Thursday, April 3, 2014
2:00
CNS Conference Room (Girvetz 2320)
Speaker: 
Ivan Amato, Patrick McCray

Ivan Amato is a science and technology writer, editor and communicator based in Silver Spring, MD. Currently the journalist-in-residence at UCSB’s Kavli Institute for Theoretical Physics, he is the author of three books—Super Vision: A New View of Nature (2003), Pushing the Horizon: Seventy-five years of high stakes science and technology at the Naval Research Laboratory (1998), and Stuff: the materials the world is made of (1997). A former managing editor at Chemical and Engineering News, Amato recently has been organizing and running science cafés in Washington, D.C., and now here in Santa Barbara. 

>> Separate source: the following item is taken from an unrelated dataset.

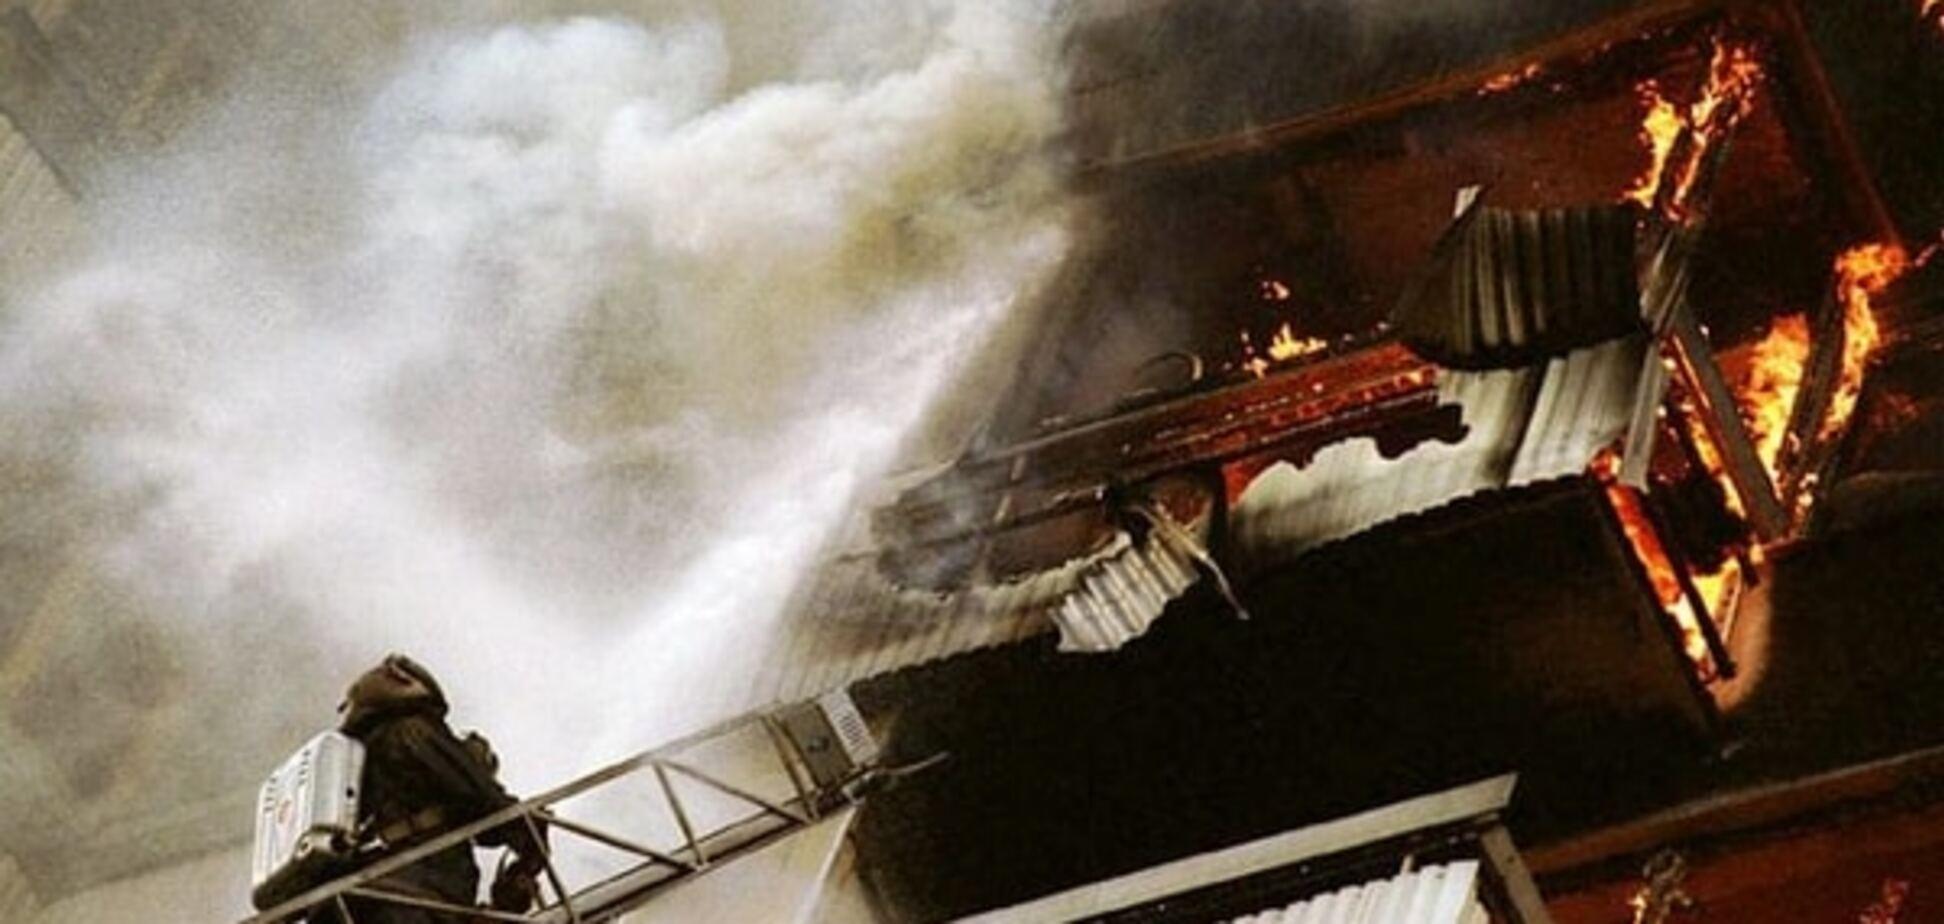 Этажи риска. Что грозит киевским высоткам и ТЦ в случае пожара
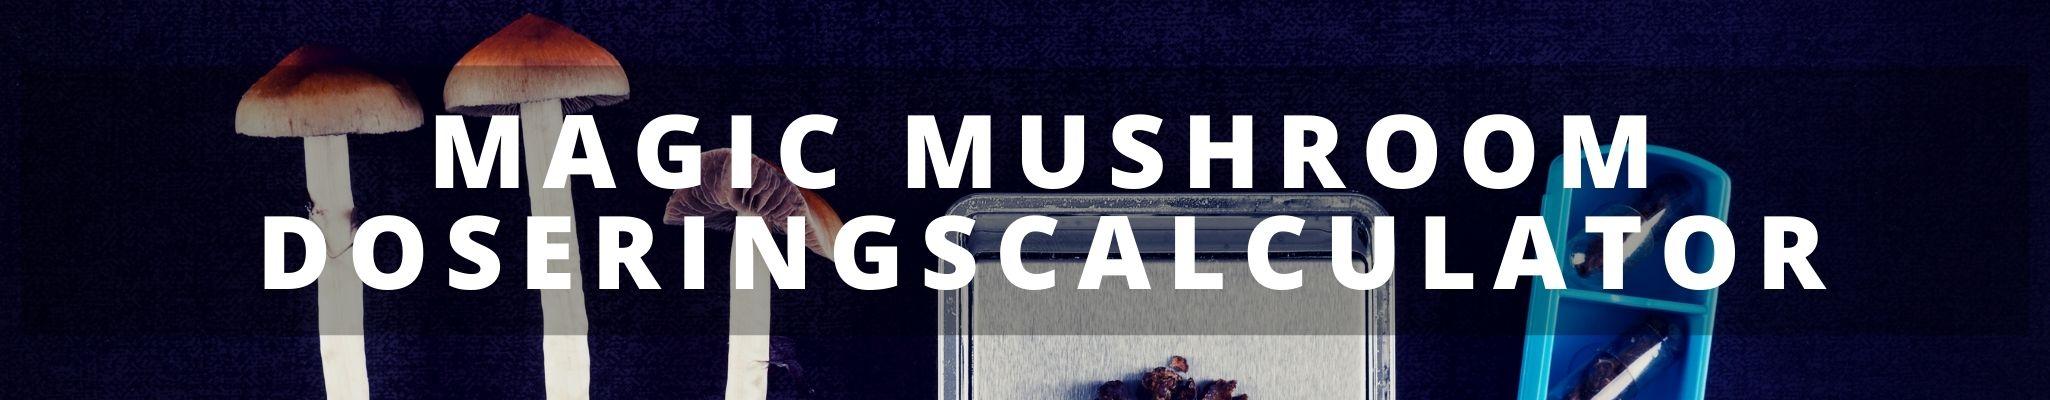 ✅ Magic Mushroom Doseringscalculator - bereken je dosis Paddos en Magic Truffels direct - Smartific.com

Patrick McCray is a CNS PI and professor in the UCSB Department of History where he researches and teaches about post-1945 and contemporary science and technology. Before coming to UCSB, McCray worked at the Center for History of Physics at the American Institute of Physics and George Washington University. He is the author of numerous publications and books on the history of science and technology including Giant Telescopes: Astronomical Ambition and the Promise of Technology (Harvard, 2004). His most recent book is titled The Visioneers: How a Group of Elite Scientists Pursued Space Colonies, Nanotechnologies, and a Limitless Future (Princeton, 2012).

If writer Ivan Amato creates an archive of contemporary scientific innovation, historian Patrick McCray studies that archive. In fact, McCray looked to a pamphlet penned by Amato to advance the NNINanotechnology: Shaping the World Atom by Atom — for source material in his book, The Visioneers: How a Group of Elite Scientists Pursued Space Colonies, Nanotechnologies, and a Limitless Future. The two will discuss how nanotechnology came to be an area of targeted national investment and, in the case of Amato, the role he played. They will also discuss the forces that mediate science and policy.